Нет, десятилетиями отработанный ливонский строй не распался. Но смешался, на считанные секунды потеряв строгую стройность и накопленный разбег, и рыцарям пришлось начинать его снова. Но уже не с рыси, а с шага, потому что копыта их коней утратили чувство надёжного сцепления с чуть прикрытым снегом озёрным льдом. При вклинении в поставленный русичами «пяток» ливонцам все же удалось немного разогнать лошадей, однако их первоначальный удар был существенно ослаблен, и дружина Невского, которой командовал Ярун, сдержала натиск.
И все утонуло в звоне стали, треске ломаемых копий, лошадином ржании и рёве тысяч человеческих глоток.
В битву вступила не только дружина Яруна, но и новгородцы. Рыцари атаковали их походя: главные их усилия были направлены на то, чтобы поддержать рвущийся вперёд клин и не ослаблять его напора. Но и Гаврила Олексич, и Миша Прушанин сами одновременно ударили по обеим сторонам «свиньи», выполняя указание Невского — сковать ливонцев, не дать им развернуться и выпустить пехоту, а затем навязать свой бой, тесный и вязкий, в котором плохо видящие в узкие прорези неповоротливые рыцари теряли преимущества своего тяжёлого вооружения. Такая тактика требовала жертв, на каждого бронированного всадника бросалось по три-четыре дружинника, но кто же считает жертвы в бою? Жертвы считают после боя.
Невероятный звон и грохот битвы соответствовали её накалу и самой значимости её: здесь решалась судьба будущего всей Руси. От неистового рёва яростных глоток глохли обозники из Пскова, прибывшие в урочище Узмень с многочисленными санными обозами, качались верхушки елей, разбежались и затаились звери, стонала вся округа, и птицы далеко облетали это страшное ледовое побоище. Некогда было перевести дух, некогда было утереть ни пот, ни кровь, некогда было помочь раненому другу выползти из горячей кровавой каши. Некогда, и один Бог знает, сколько раненых растоптали чужие копыта и свои сапоги да лапти… Бесплатный сыр во все времена бывает только в мышеловках. Валюта истории — кровь да муки человеческие.
По крутому обрыву Узменьского урочища среди женщин и стариков обозников метался Яков Полочанин. Ему Невский приказал подготовить все, что может понадобиться после кровавой сечи: обозы для раненых, шубы, полости, сено, горячую воду и похлёбку для уцелевших. Князь предусмотрел все, и Яков исполнил все, но от этого ему было не легче. С высокого берега он видел, как бьются и как гибнут его товарищи, слышал их крики и стоны, а потом… потом перестал видеть.

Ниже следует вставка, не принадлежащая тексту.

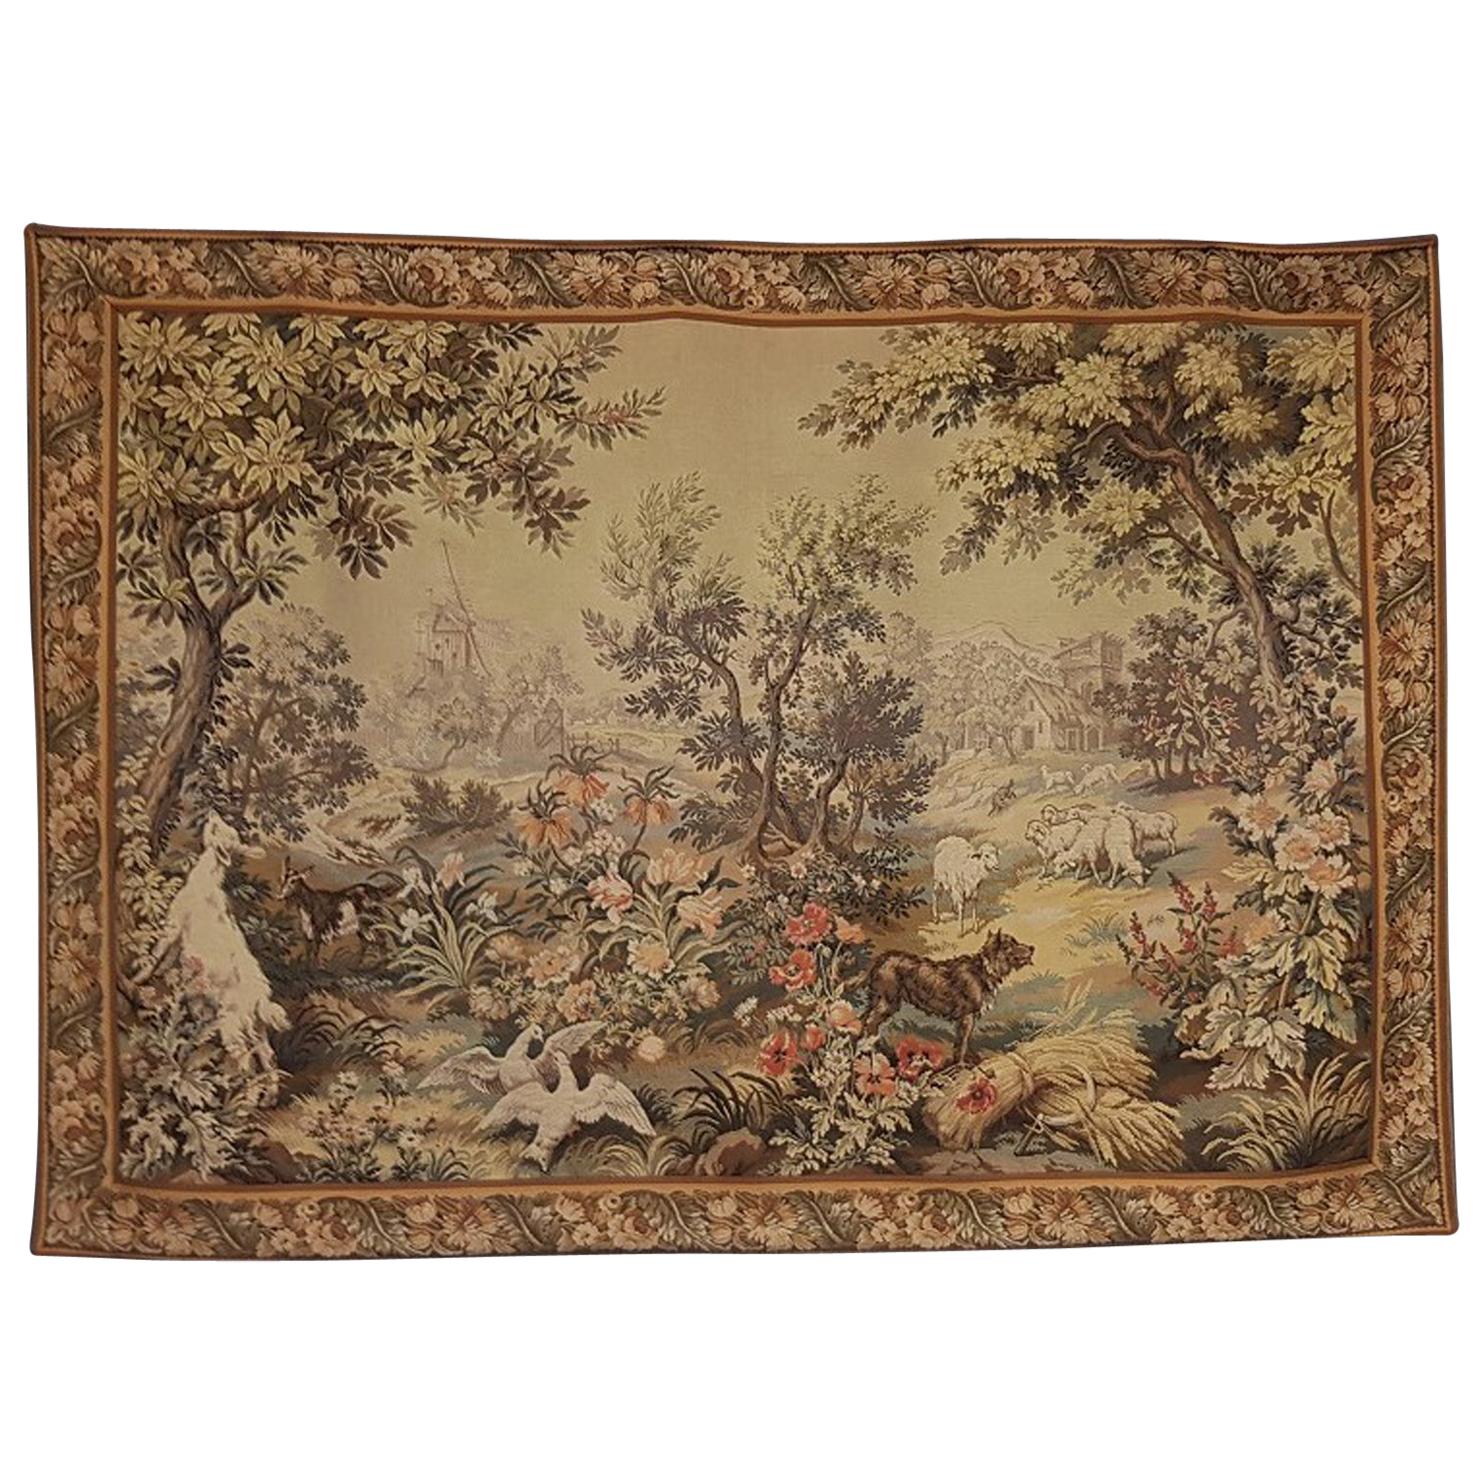 Beautiful Large Tapestry Rug Carpet, France, 19th Century

Вместе с криками, хрипами и предсмертными стонами из распалённых глоток десятков тысяч людей вырывались клубы пара. Они застывали в морозном воздухе, пеленой зыбкого тумана покрывая поле сражения, и красное солнце без лучей вскоре повисло над побоищем, тускло отражаясь в клинках и латах. И ни обозники на берегу, ни Александр Невский у Вороньего камня уже ничего не могли разглядеть, уже потеряли из виду саму битву.
— Что видишь, Савка? — кричал князь Андрей снизу.
— Ничего не вижу!.. — отзывался с вершины Вороньего камня Савка. — Марево над ними!.. Туман…
А Невский молча мерил озёрный лёд у подножия камня коваными шагами. За ним метался Андрей.
— Что делать?.. Что делать, брат?.. Если Ярун не сдержит удара, мы опоздать можем…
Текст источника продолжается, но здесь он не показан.